Recommendation systems have become a very integral part of our daily lives. From online retailers like Amazon and Flipkart to social media platforms like YouTube and Facebook, every major digital company uses recommendation systems to provide a personalized user experience to their clients.
Some examples of recommendation systems in your everyday life include:
- The suggestions you get from Amazon when you buy products are a result of a recommender system.
- YouTube uses a recommender system to suggest videos suited for your taste.
- Netflix has a famous recommendation system for suggesting shows and movies according to your interests.
A recommender system suggests users products by using data. This data could be about the user’s entered interests, history, etc. If you’re studying machine learning and AI, then it’s a must to study recommender systems as they are becoming increasingly popular and advanced.
Types of Recommendation Systems
There are two types of recommendation systems:
1. Collaborative Recommendation Systems
A collaborative recommendation system suggests items according to the likeness of similar users for that item. It groups users with similar interests and tastes and suggests their products accordingly.

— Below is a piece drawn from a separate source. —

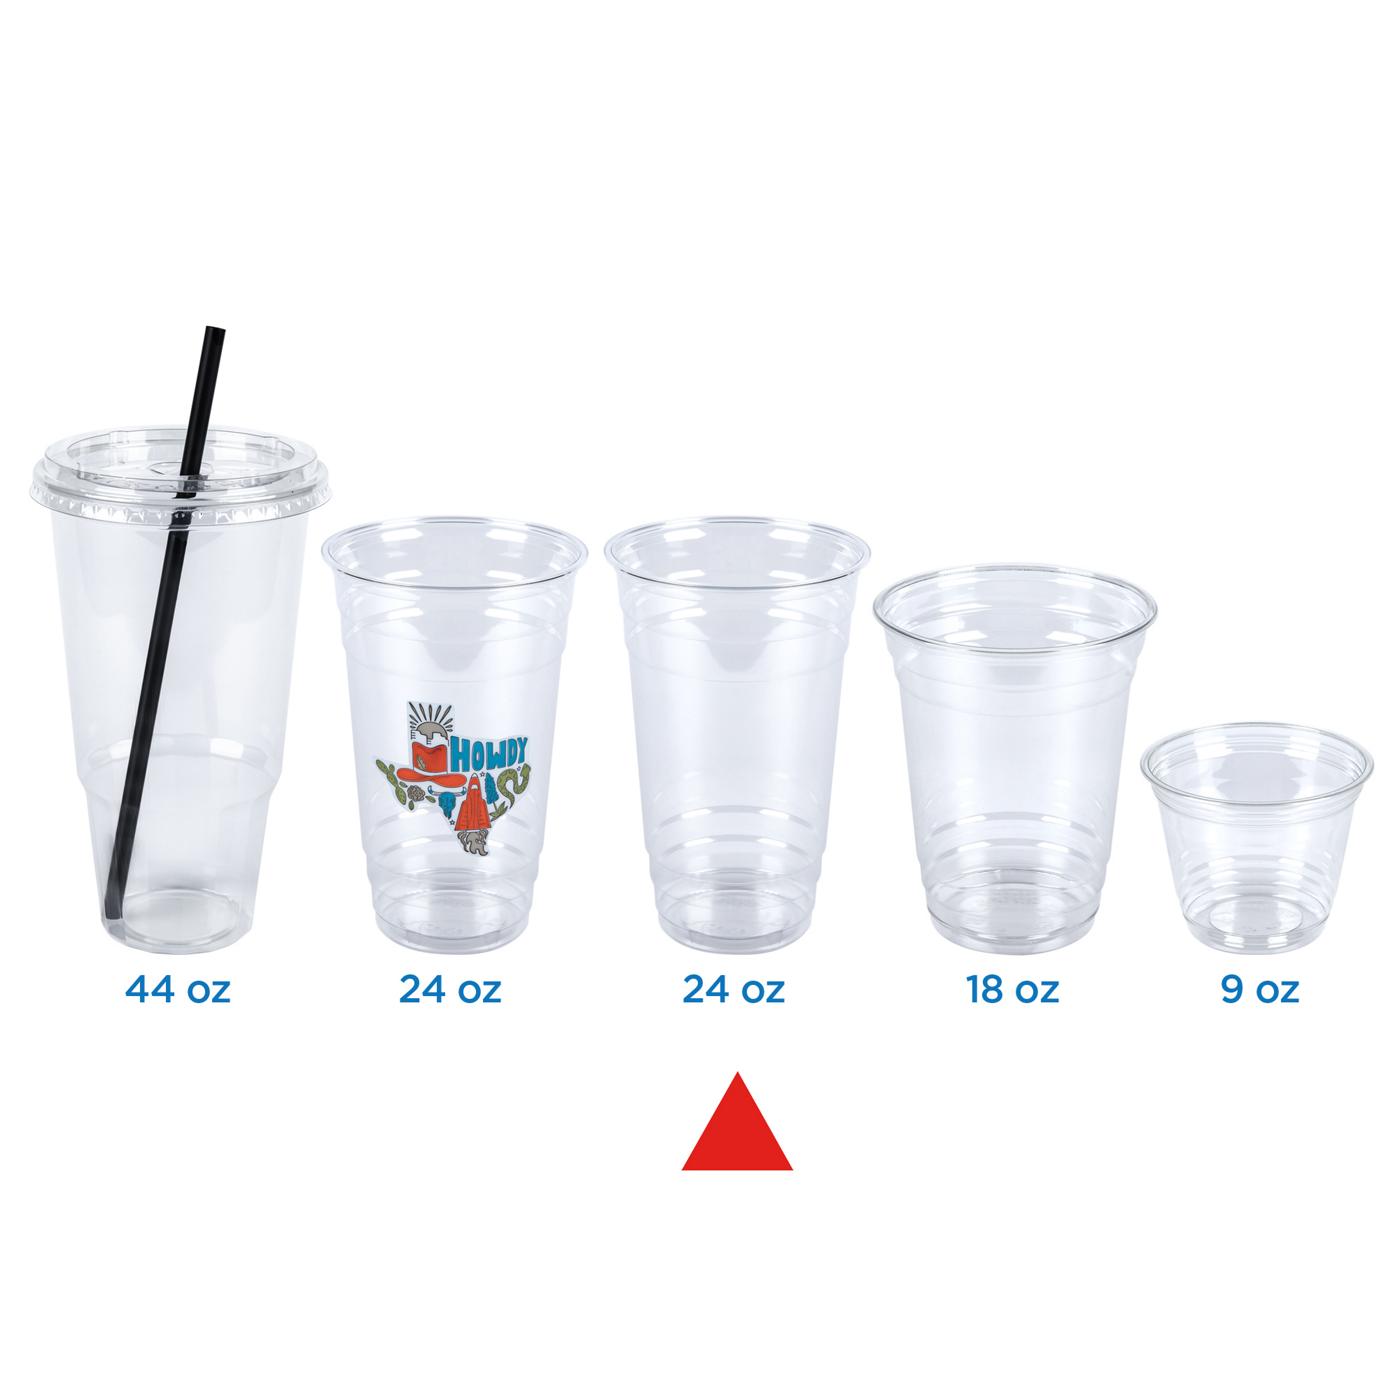 24 oz plastic cups with lids

For example, suppose you and one other user liked Sholay. Now, after watching Sholay and liking it, the other user liked Golmaal. Because you and the other user have similar interests, the recommender system would suggest you watch Golmaal based on this data. This is collaborative filtering.
2. Content-Based Recommendation Systems
A content-based recommender system suggests items based on the data it receives from a user. It could be based on explicit data (‘Likes’, ‘Shares’, etc.) or implicit data (watch history). The recommendation system would use this data to create a user-specific profile and would suggest items based on that profile.
Building a Basic Movie Recommendation System
Now that we have covered the basics of recommender systems, let’s get started on building a movie recommendation system.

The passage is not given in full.